Hair was also part historical pageant. Portions of My Country 'Tis of Thee, the Star-Spangled Banner, and Thomas Paine's Common Sense are heard, as well as a not-really mocking tribute to Old Glory called Don't Put it Down. In the second act, the Gettysburg Address is recited during Happy Birthday, Abie, Baby, a tribute to the sixteenth president that would have certainly tickled Lincoln (although one wonders how we would have liked the line, "Emancipator of the slaves, yeah yeah yeah, emanci-motherfuckin'-pator of the slaves.") There's even some Shakespeare, with a portion of Hamlet sung ("What a piece of work is a man, how noble in reason") and Hamlet's last words, "the rest is silence," is used prominently in Let the Sunshine In, the closing number of the show.

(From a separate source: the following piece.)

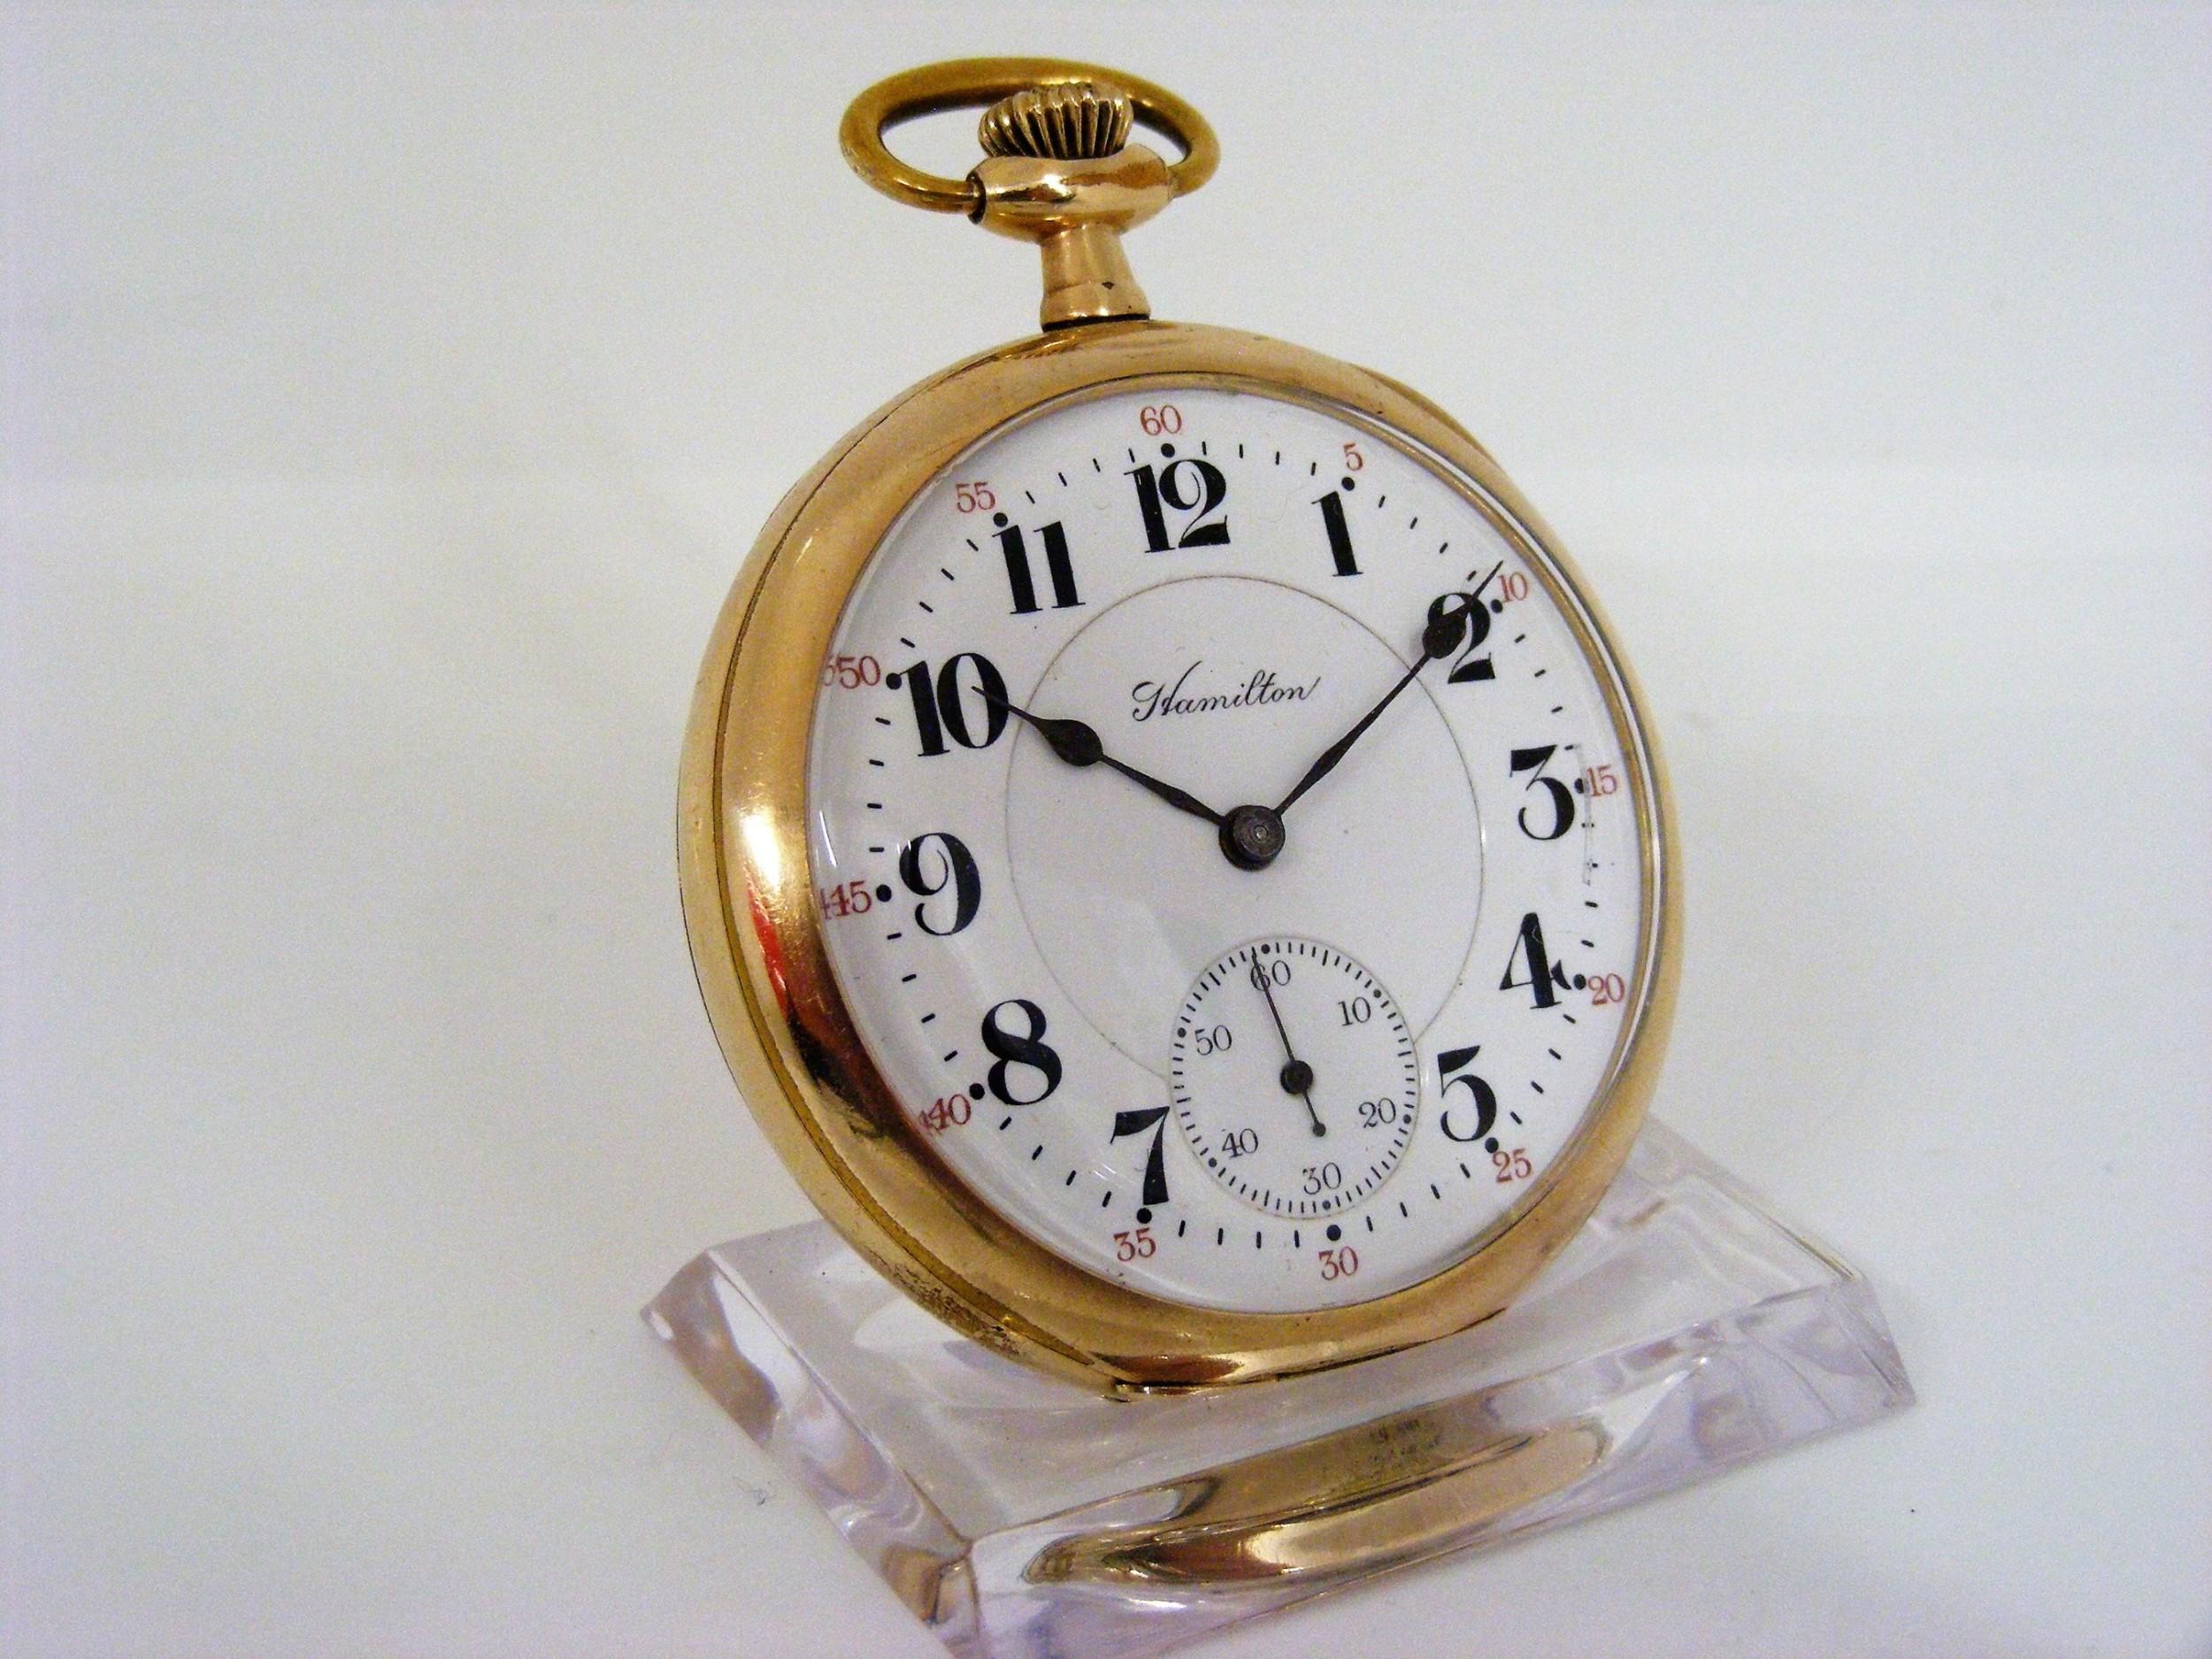 hamilton grade 992 21 jewel pocket watch

Thinking about Hair forty years later raises a few thoughts. One is the heavy influence of the drug culture. Many of the songs are about drugs, and they sound hopelessly naive. Walking in Space is a paean to acid trips, while during Donna Berger sings, "I'm evolving from the drugs that you put down." Drugs, of course, ruined whatever was good about the sixties. No less an expert on this is rock musician David Crosby, who said, "We were right about the war but wrong about drugs." Also, it's interesting that rock music has never really gotten a firm foothold on Broadway. It pops up every once in a while, with the Who's Tommy and jukebox musicals with the music of Billy Joel, Abba or the Four Seasons. But those have all been exercises in nostalgia. Very few Broadway musicals have attempted to do what Hair did, and that is put the music of the moment on stage for the bus loads of tourists who come in for Wednesday matinees. Lightning in a bottle indeed.